Recently Issued Accounting Pronouncements Not Yet Adopted

    In March 2022, the FASB issued ASU No. 2022-01, Derivatives and Hedging (Topic 815): Fair Value Hedging—Portfolio Layer Method ("ASU 2022-01") related to the portfolio layer method of hedge accounting. The amendments allow nonprepayable financial assets to be included in a closed portfolio hedge using the portfolio layer method. ASU 2022-01 also allows for multiple hedged layers to be designated for a single closed portfolio of financial assets or one or more beneficial interests secured by a portfolio of financial instruments The amendments are effective for fiscal years beginning after December 15, 2022, including interim periods within those fiscal years. Early adoption is permitted. The Company is evaluating the effect of adopting this new accounting guidance, but does not expect the adoption to have a material impact on the Company's financial statements.

In March 2022, the FASB issued ASU No. 2022-02, Financial Instruments - Credit Losses (Topic 326): Troubled Debt Restructurings and Vintage Disclosures (“ASU 2022-02”) related to troubled debt restructuring and vintage disclosures for financing receivables. The amendments eliminate recognition and measurement guidance for troubled debt restructurings for creditors and requires entities to evaluate if the modification represents a new loan or a continuation of the existing loan. ASU 2022-02 also enhances disclosure requirements for certain loan refinancing and restructurings made to borrowers experiencing financial difficulty and requires disclosure of current period write-offs by year of origination for financing receivables. The amendments are effective for fiscal years beginning after December 15, 2022, including interim periods within those fiscal years. Early adoption permitted. The Company is evaluating the effect of adopting this new accounting guidance, but does not expect the adoption to have a material impact on the Company’s financial statements.
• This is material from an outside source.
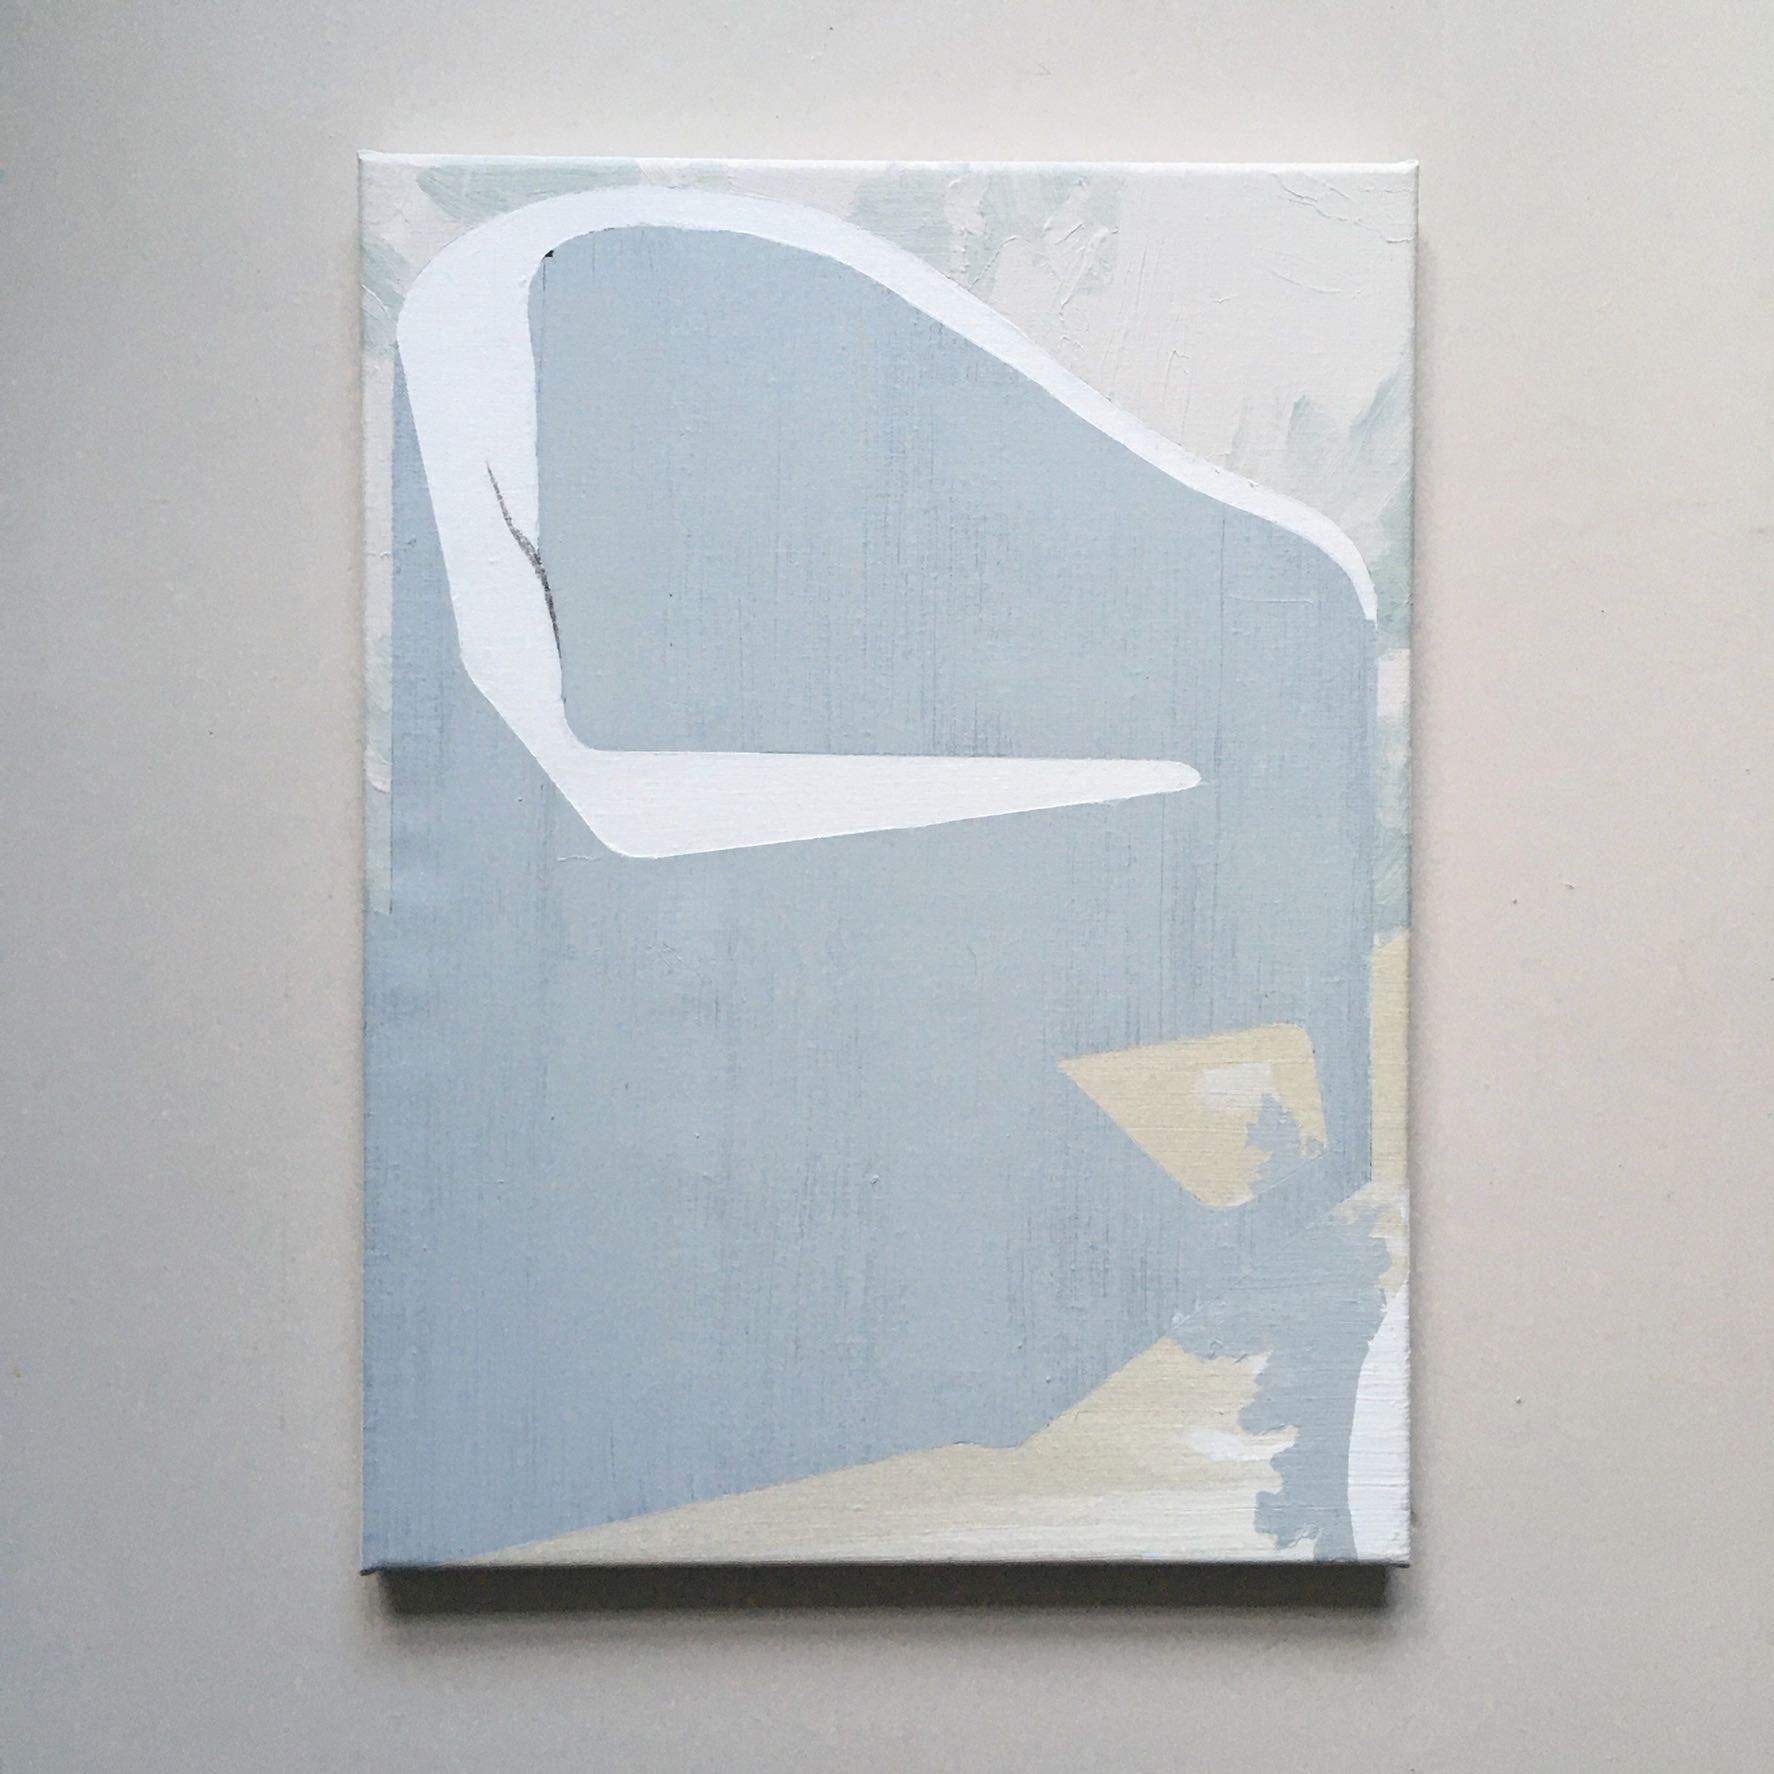 'backyardseat', 36 x 48 cm, acrylics on canvas, 2020
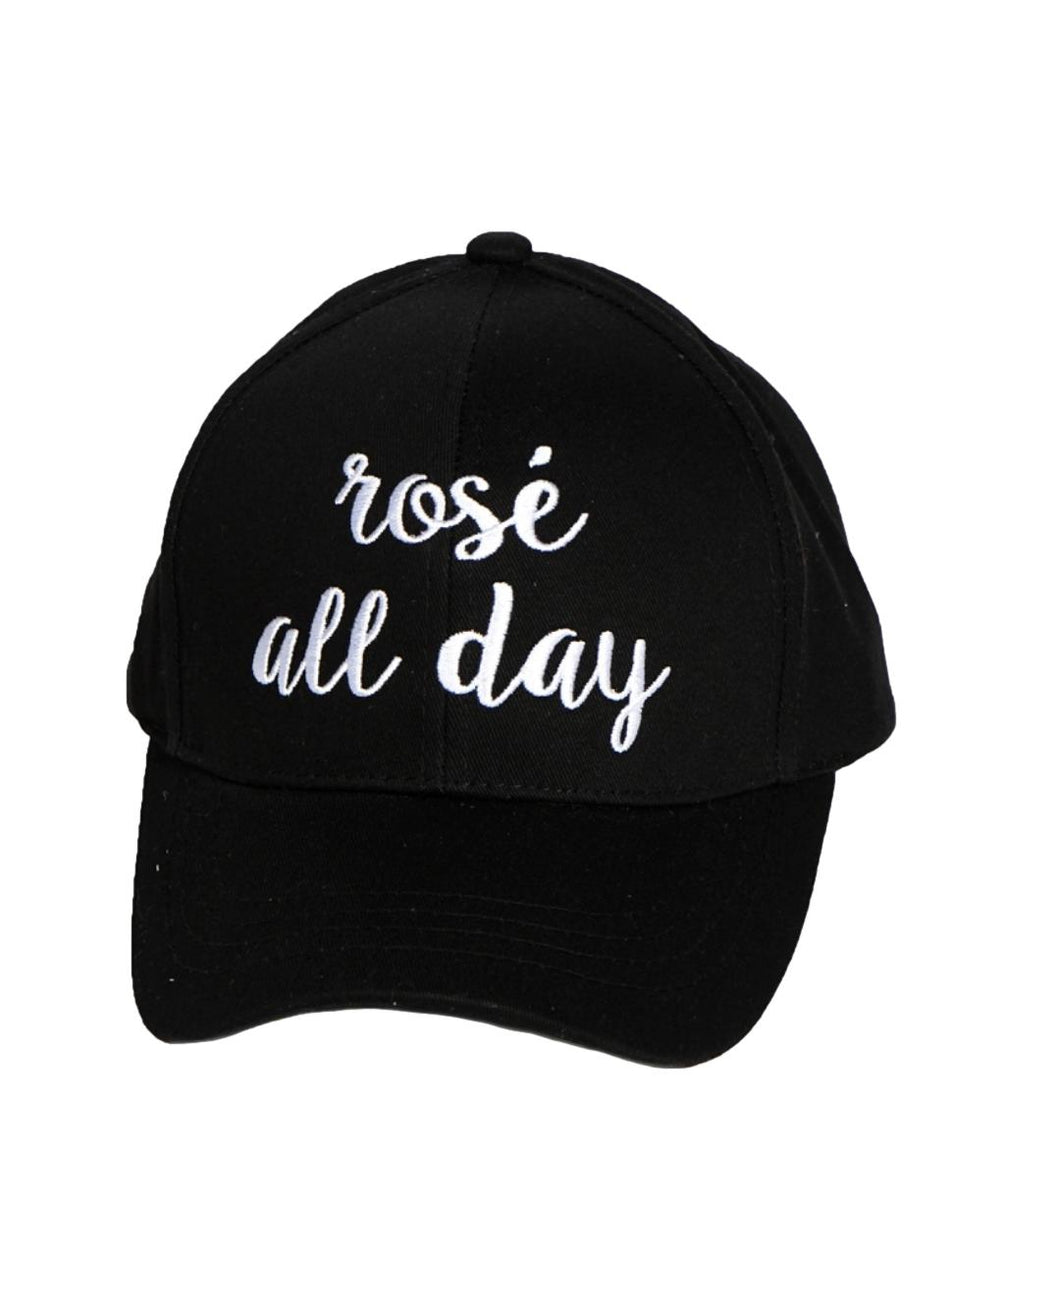 Women's Black Embroidered Baseball Hat

In March 2022, the SEC staff released Staff Accounting Bulletin No. 121 ("SAB 121"), which expressed the views of the SEC staff regarding the accounting for obligations to safeguard crypto-assets an entity holds for users of its crypto platform. This guidance requires entities that hold crypto-assets on behalf of platform users to recognize liability to reflect the entity’s obligation to safeguard the crypto-assets held for its platform users. The liability should be measured at initial recognition and each reporting date at the fair value of the crypto-assets that the entity is responsible for holding for its platform users. The entity should also recognize an asset at the same time that it recognizes the safeguarding liability, measured at initial recognition and each reporting date at the fair value of the crypto-assets held for its platform users. The entity should also describe the asset and the corresponding liability in the footnotes to the financial statements and consider
including information regarding who (e.g. the company, its agent, or another third party) holds the cryptographic key information, maintains the internal recordkeeping of those assets, and is obligated to secure the assets and protect them from loss or theft. This guidance is effective from the first interim period after June 15, 2022 and should be applied retrospectively. The adoption of this guidance will result in the Company recognizing an asset and liability related to the bitcoin held by the Company on behalf of the Company’s customers. The adoption of this guidance will have no impact to the Company's condensed consolidated statements of operations and condensed consolidated statements of cash flows. If the Company had adopted this standard, the Company's assets and liabilities would have increased by $1.1 billion as of March 31, 2022 and December 31, 2021.